Prince Saud Al-Faisal an institution in diplomacy
The prince left for health reasons after serving for almost 40 years as Saudi Arabia’s top diplomat and the most accomplished in the Arab world. Despite his ill health, and in a bid to benefit from his experience and skills, Custodian of the Two Holy Mosques King Salman has appointed him minister of state, a member of the Council of Ministers, the king’s special adviser and envoy, and supervisor of foreign policy.
This reflects the Saudi leadership’s appreciation for hard work, sincerity and dedication that has characterized Prince Saud’s illustrious career over the years.
The comments of diplomats the world over have shown just how much standing Prince Saud has on the international stage. US Secretary of State John Kerry said he had gained invaluable experience from the prince and would continue to seek out his advice on issues.
He won over most of these people with his candid and persuasive style, underpinned by a resolute commitment to a set of values and principles. His tenure has been marked by realism and logic, with an aversion for sentimentality and arbitrary policymaking.
This approach has won him global respect and admiration, and ensured that Saudi Arabia has become the diplomatic powerhouse that it currently is in the region. The prince’s unflinching stand on various issues has always been part of his personality.
UAE Foreign Minister Sheikh Abdullah bin Zayed Al-Nahyan summed it up quite succinctly when he said Prince Saud “is a rare kind of minister” whose personality has shaped Islamic and Arab history. He said a man can only “stand in awe” at these types of personalities, whose words and actions are imbued with such poetry and decisiveness.
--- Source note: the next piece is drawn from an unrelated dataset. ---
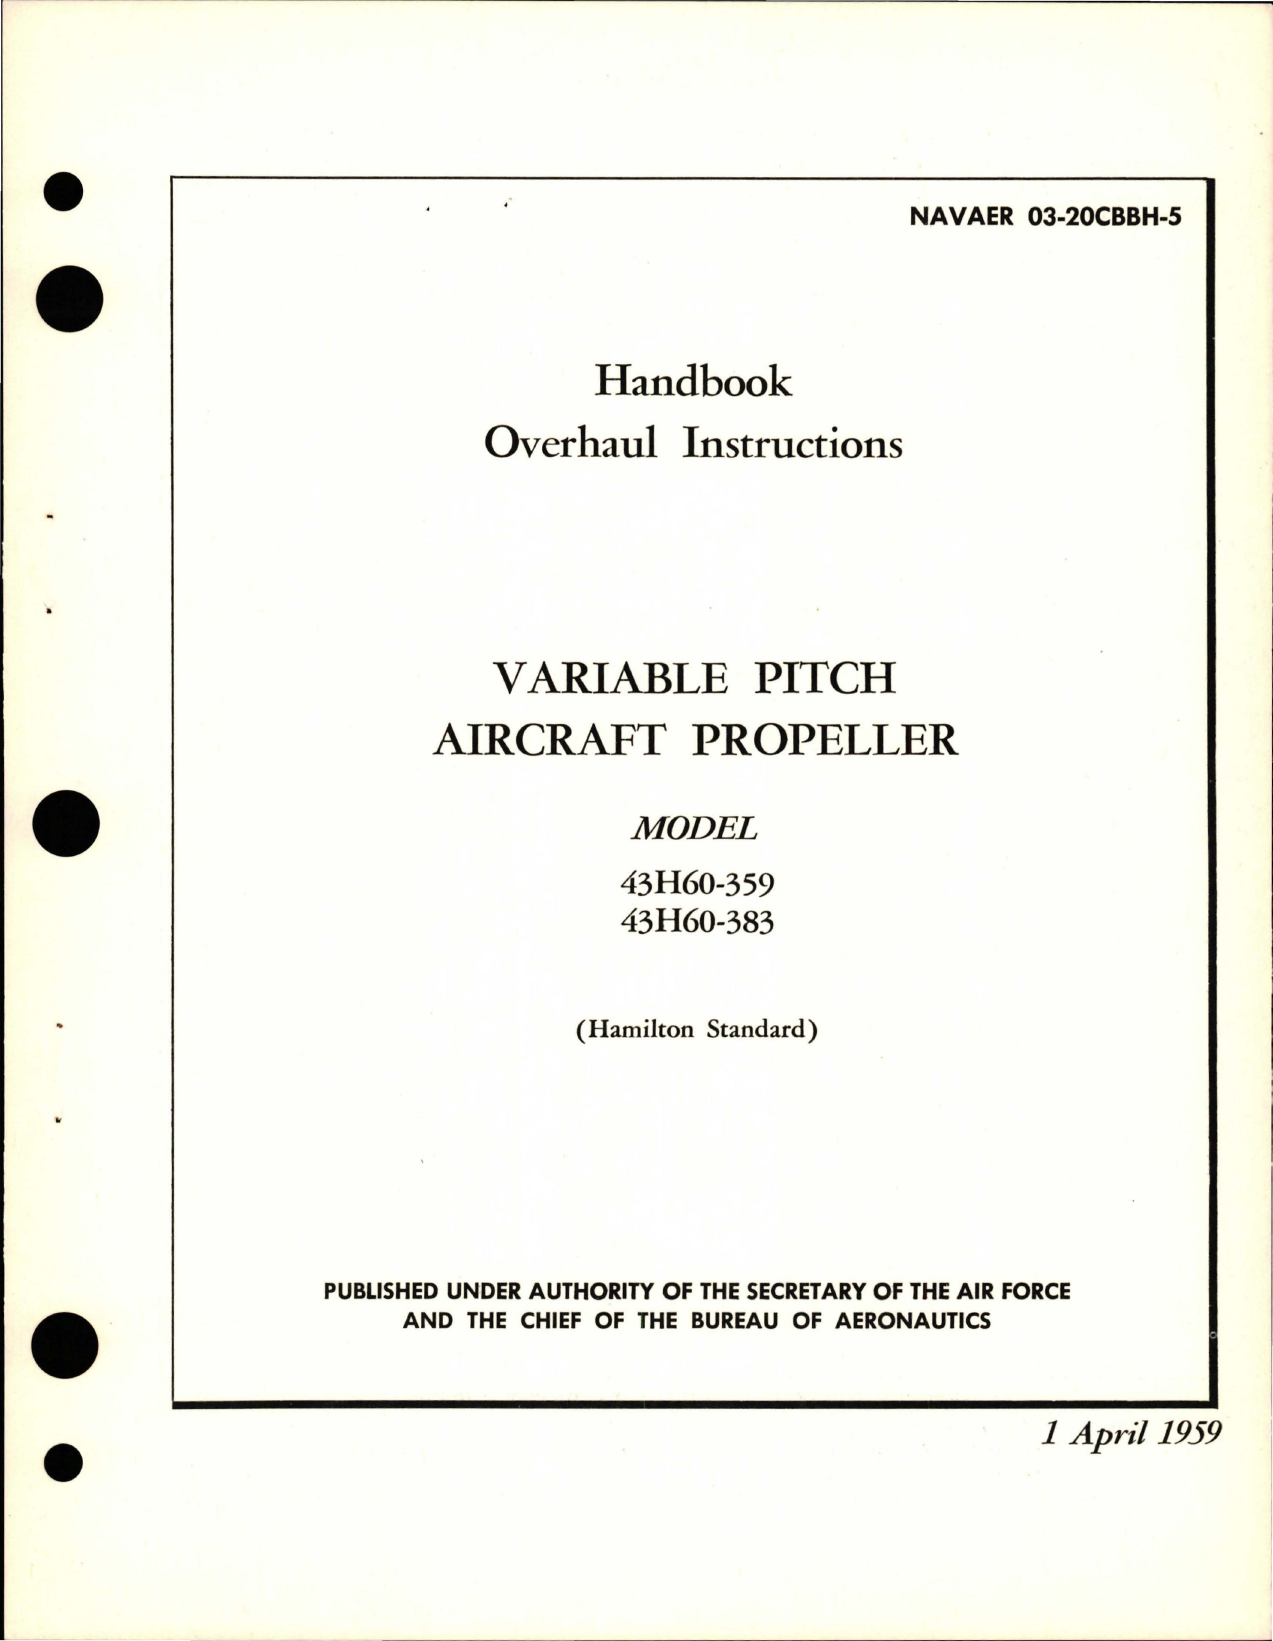 Sample page 1 from AirCorps Library document: Overhaul Instructions for Variable Pitch Propeller - Models 43H60-359 and 43H60-383

Saudi diplomacy has faced several significant challenges over the years including Operation Desert Storm, the Sept. 11 attacks, and the Arab Spring. During these times, Prince Saud’s voice has always been forceful and authoritative on Arab issues in world capitals.
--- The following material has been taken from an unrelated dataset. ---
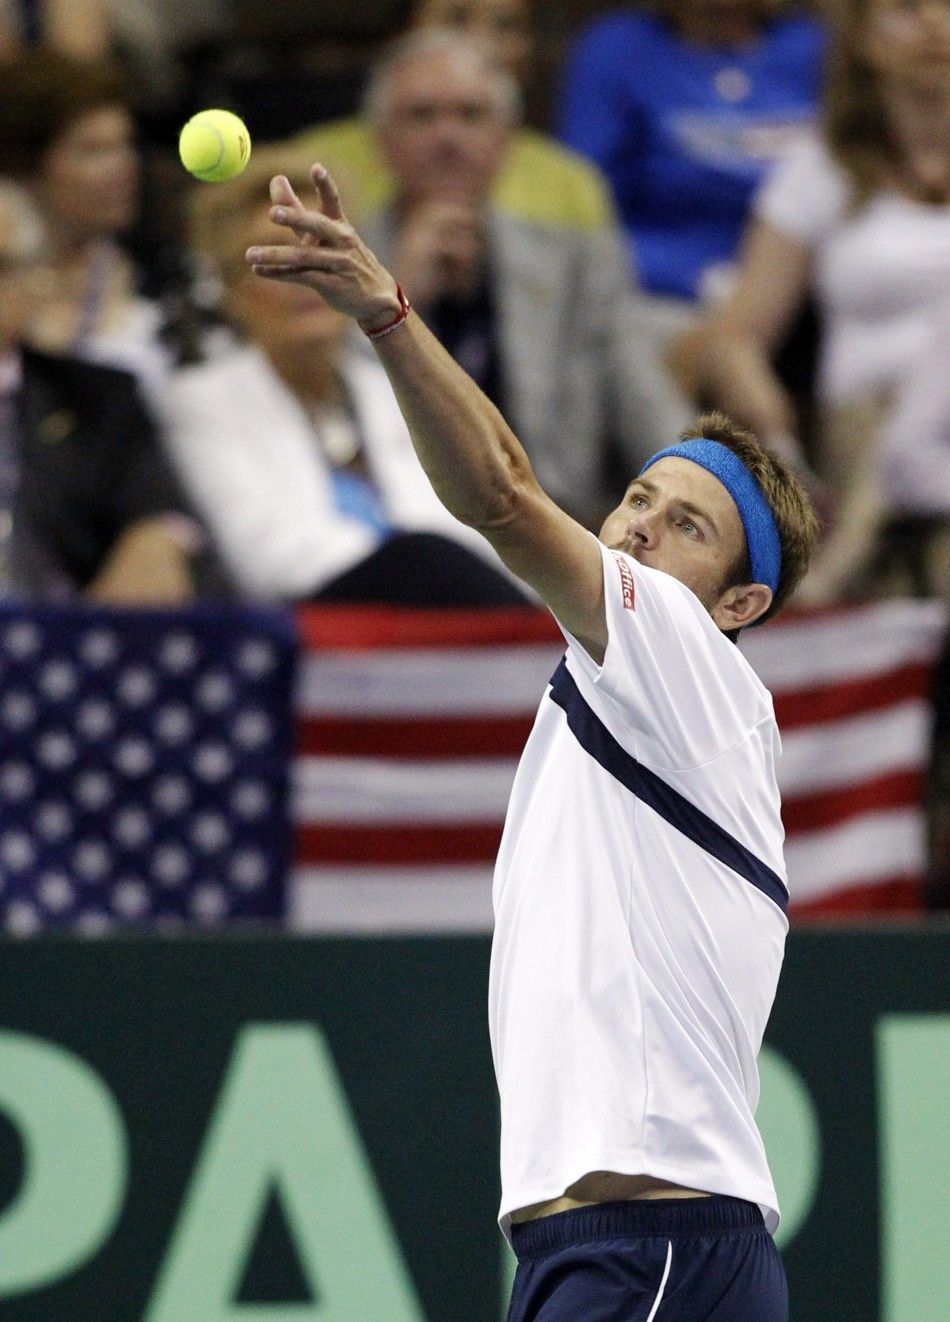 David Ferrrer defeating Mandy Fish booked Spain in semi-finals of Davis Cup

Notwithstanding his failing health in recent years, the prince had adopted a punishing schedule by visiting several nations to articulate Arab positions in a fair and clear manner. It was Prince Saud who convinced the West that the events on June 30, 2013 in Egypt were a people’s revolution calling for change.
Prince Saud has undoubtedly left behind an enormous diplomatic legacy and a generation of Saudi diplomats who have been schooled in his style and approach. Those following him may bring their own personalities to bear on the position, but not the underlying principles of Saudi foreign policy that he has worked so hard to articulate and propagate.